While we are fully aware of the possible fallout of a Greek debt default, This is why Greece is a big deal, there are plenty of room left for a favorable outcome. And when that happens oversold technology and transportation stocks, among others, will make a significant comeback.

Greece's debt problems are stemming from the 2004-2008 area when debt was cheap and the spread between German and Greek bond yields were at historical lows. But as the global economic crisis hit, liquid debt markets dried up and spread between the Bund and Greek government bonds soared. Fast forward to 2010-2011. Greece finds itself in a situation where the county has more debt than its annual GDP while yields are way too high for Greece to escape the debt trap.

But the European Central Bank (ECB) as well as heavy weight politicians, Germany's Merkel and France's Sarkozy, are well aware of a possible fallout of a Greek default. Read  Bronte Capital: Models for a Greek Sovereign Default for an interesting analysis of such scenario.

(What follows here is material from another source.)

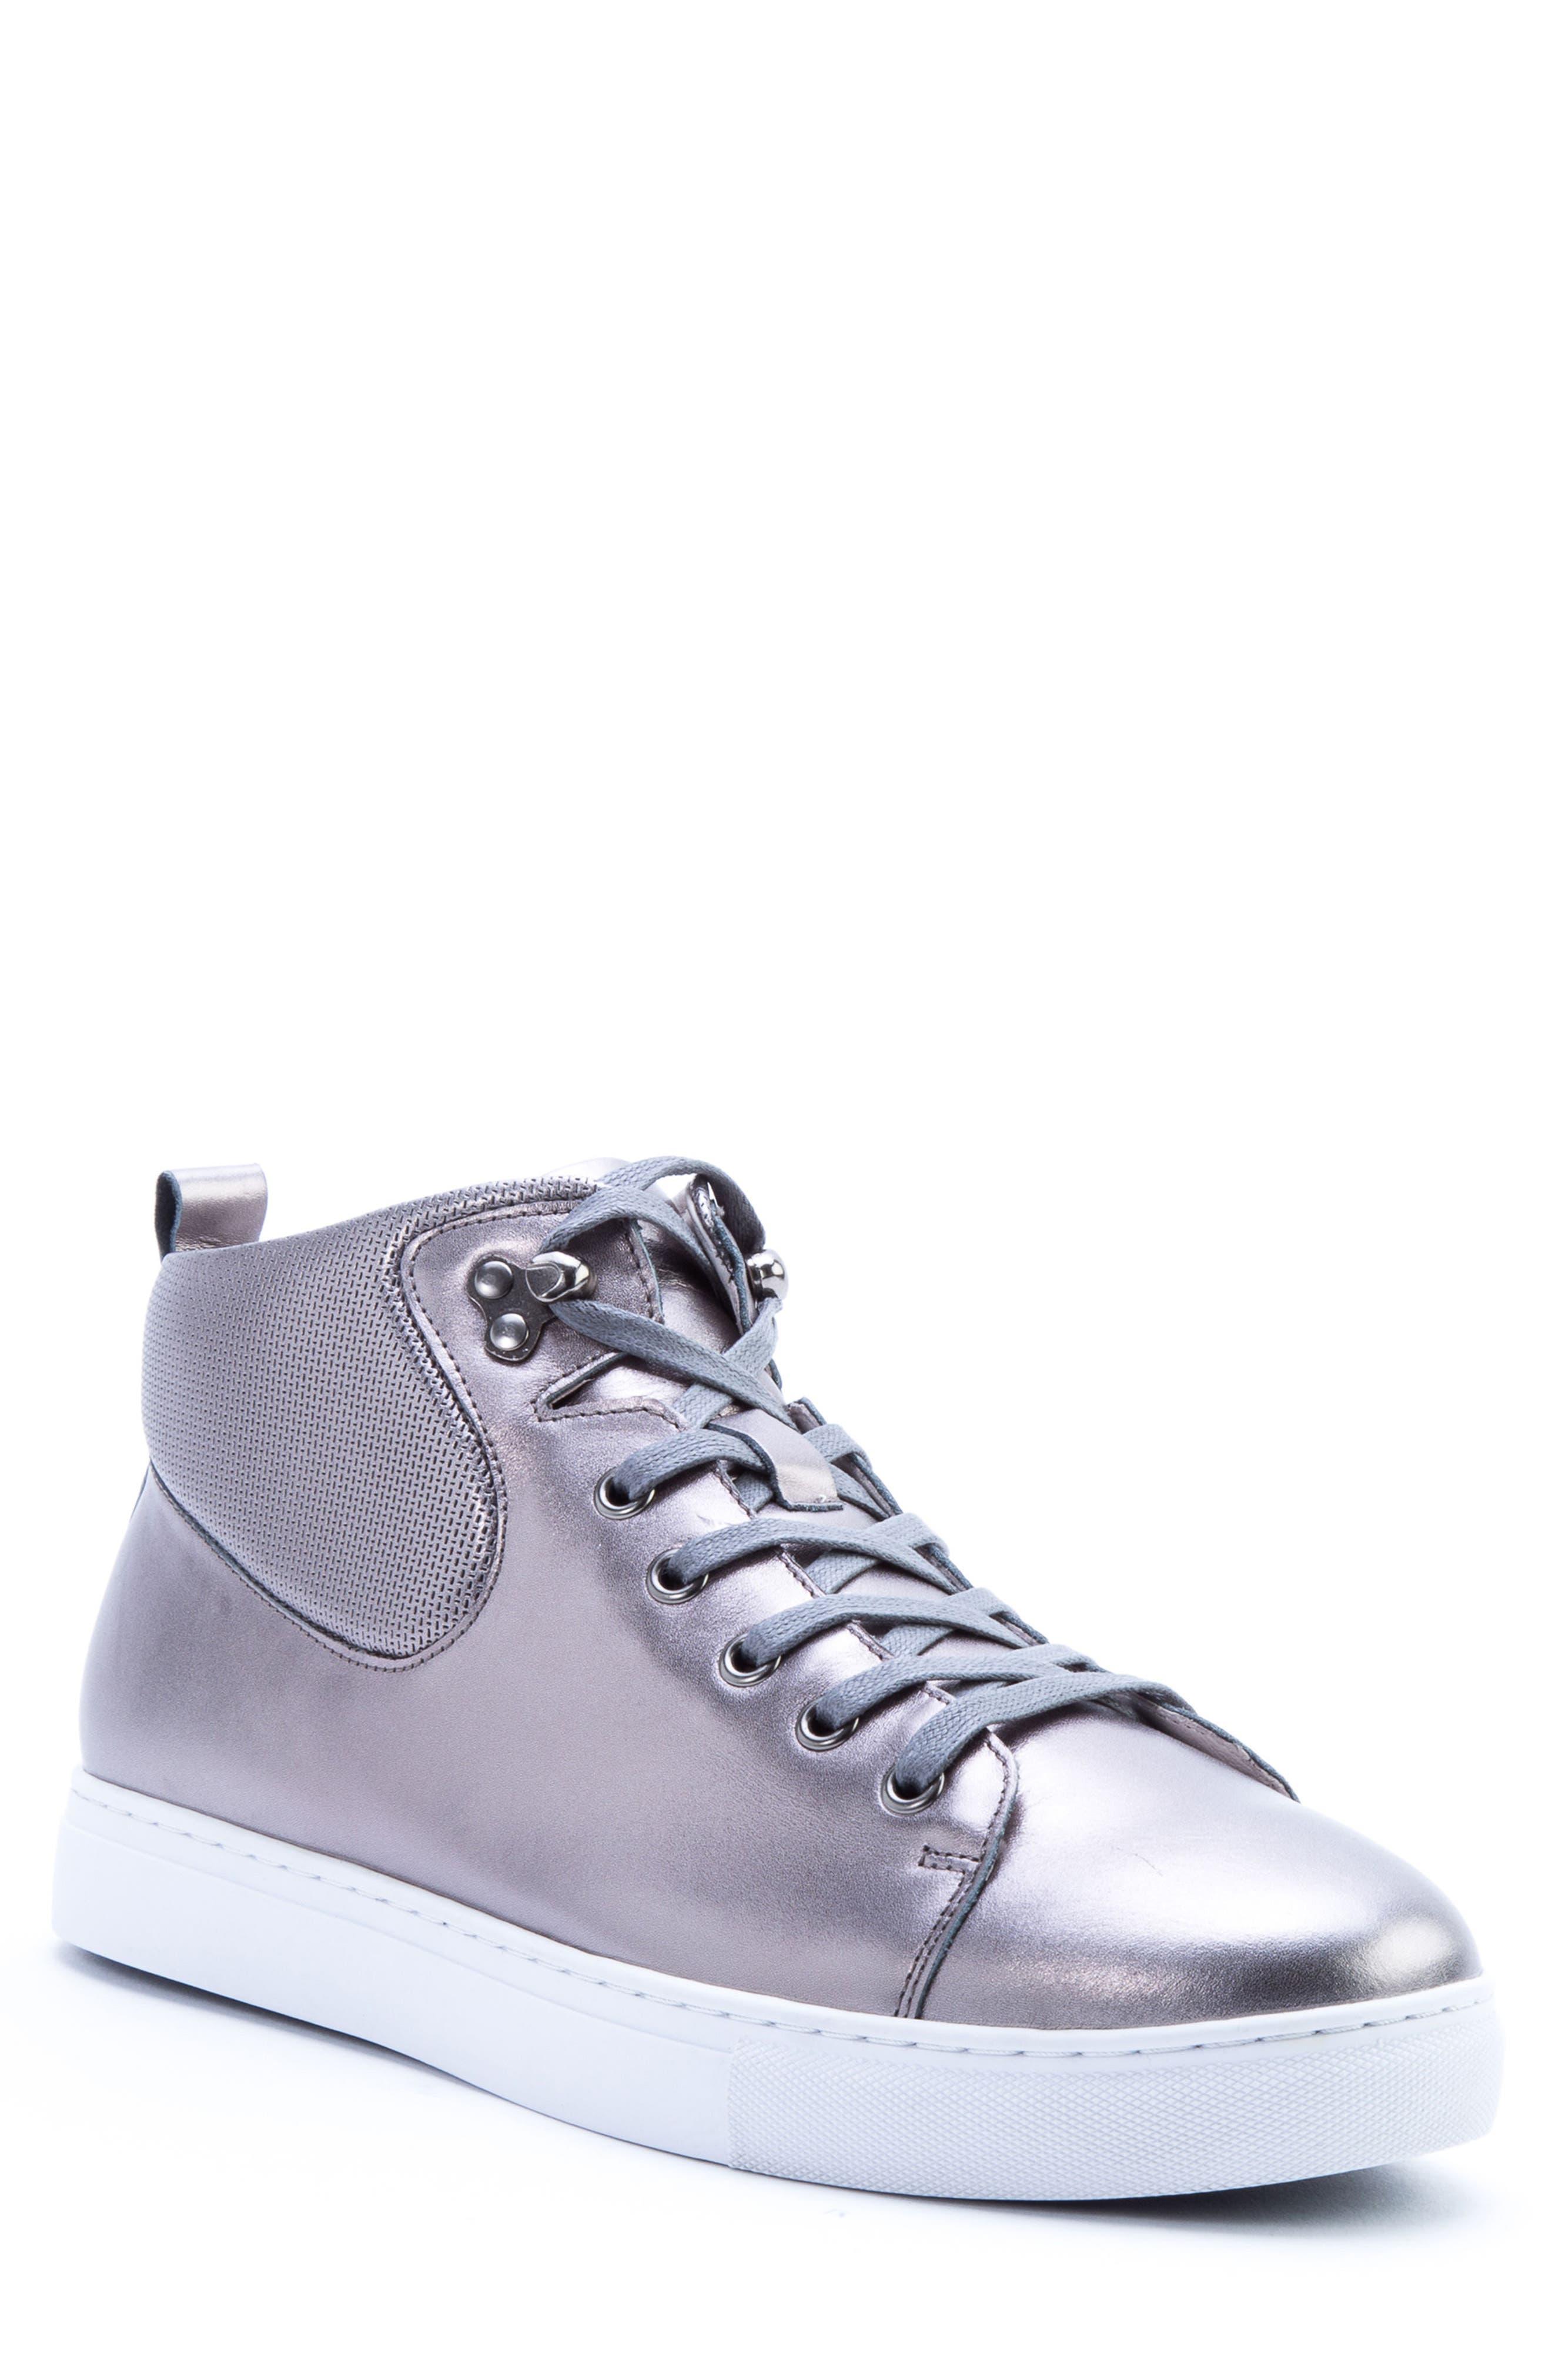 Badgley Mischka Sanders Sneaker- Grey

And here is the good news. The ECB has tools at its disposal to avert such scenario! The ECB has no limit on its balance sheet to fund a Greek rescue fund, buying up all Greek debt to keep the country afloat. Remember, the ECB is the depository of the euro, which is a public good. Should the recognised capital of the European Central Bank turn negative due to excessive lending to Greece, that would make no dent on its standing. The ECB can ask member states to recapitalize it or just simply credit itself and bring it forward as retained loss on its books. The case is similar to that of the FED that can print as much dollars as it wants to avert a U.S. default on its dollar denominated debt. For this technical reasons a U.S. default is technically impossible just as is Greece's as long as the ECB decides to keep funding it.

Greek Prime Minister Vanizelos shocked the markets over the weekend admitting the country will not meet goverment deficit targets. But today announced that the country has enough cash to go up until November. That gives plenty of room for ECB officials and politicians to stabilize the common currency. The risks are too high not to keep Greece afloat.